# Bird/Wildlife Photography



## Richard Dowling (25 Nov 2013)

Hi All,

Thought Id post here because I know there are a fair few Wildlife photographers amongst us, some of which Im extremely envious of!

Assuming all of your work isnt just in your back garden, I wondered if you had any tips on how you approach animals, mainly Birds, Is it always by Hide? Do you put food out days in advance? That sort of thing.

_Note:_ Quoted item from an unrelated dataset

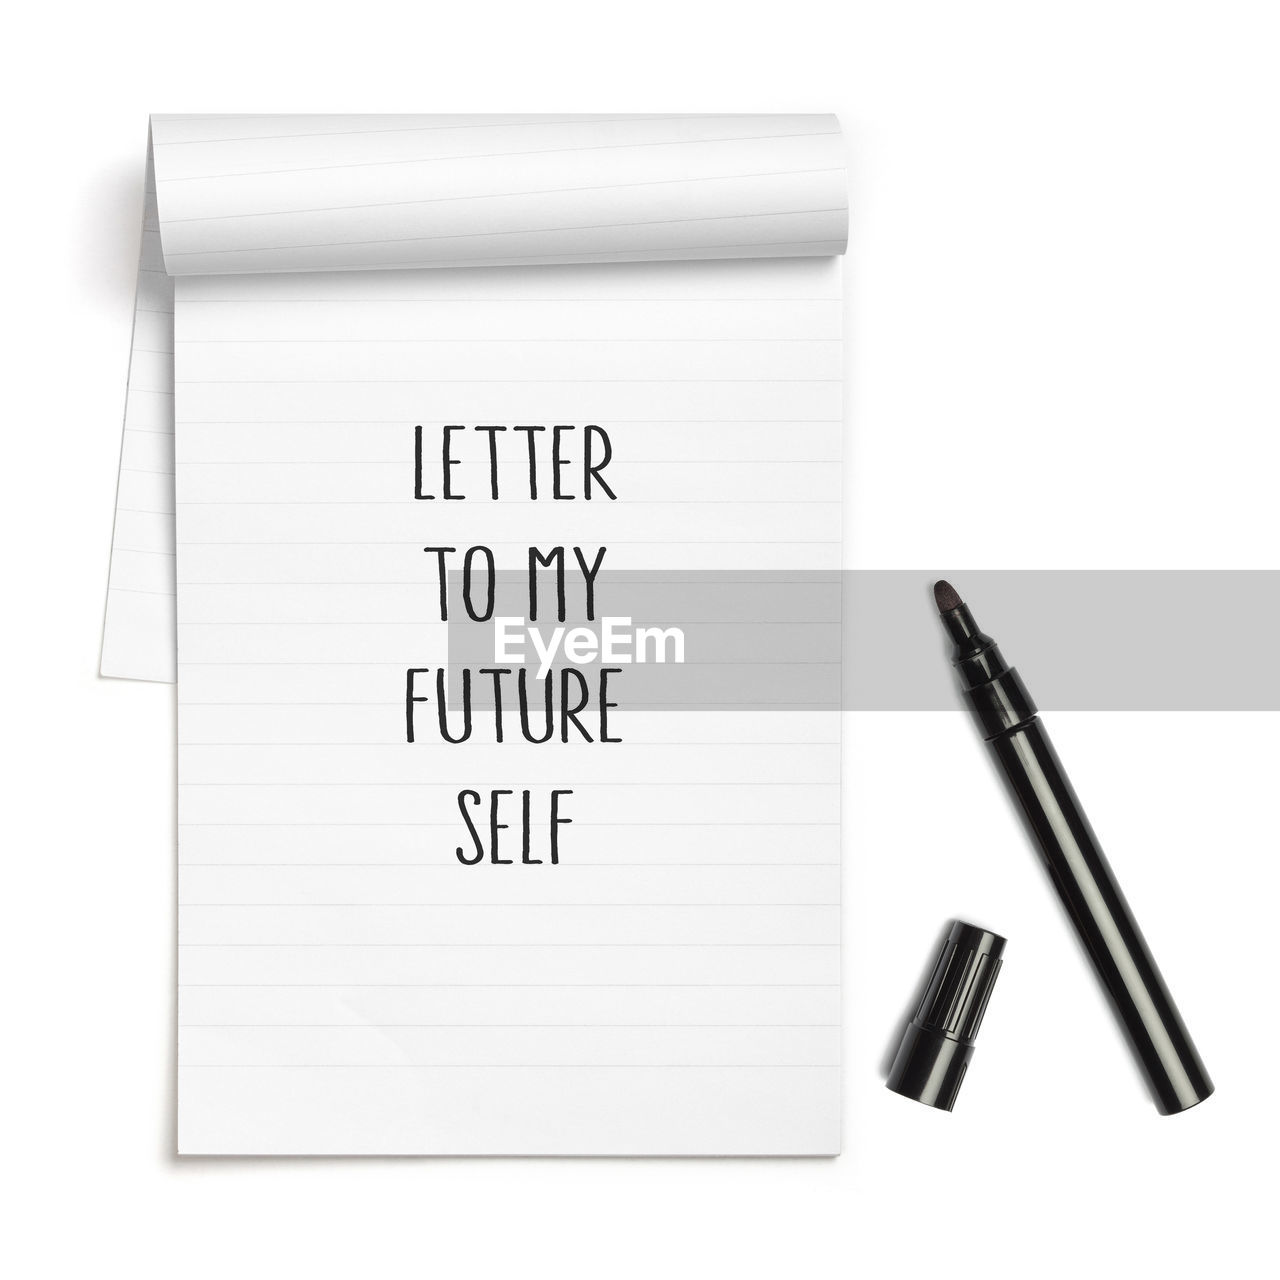 Letter to my future self written on paper notepad

Ive been doing some wildlife photography for a few years but ive only had success with tamed wild animals (Like Puffins on the Farne Islands, or Deer at National Trust Parks) Id really love to get some of the great "Christmas Card" quality images of birds that ive seen so many people acheive.


----------



## dw1305 (25 Nov 2013)

Hi all,
Not a photographer, but I know a few fanatical ones. Have a look at <CVL BIRDING>, <Digiscoping > & <gear and processing>.

cheers Darrel


----------



## bridgey_c (18 Feb 2014)

Ive got a good friend who is a pro photographer and spends a lot of time photo'ing wildlife. I love the outdoors and photography myself and Ive spent loads of time with him a few years back out and about shooting wildlife.

I had this vision of wildlife photographers being intrepid adventurers and living in the wilds for weeks on end to get the perfect shot. Im sure that is sometimes true but I reckon it is a lot less common than you think. If I ask him about any type of wildlife, bird species, foxes, hares, water voles etc, he will tell me about some pub (or other random place) in a remote part of the country where they are known to have become slightly friendly and it is fairly easy to photograph them. They all like to keep their secret places fairly secret too.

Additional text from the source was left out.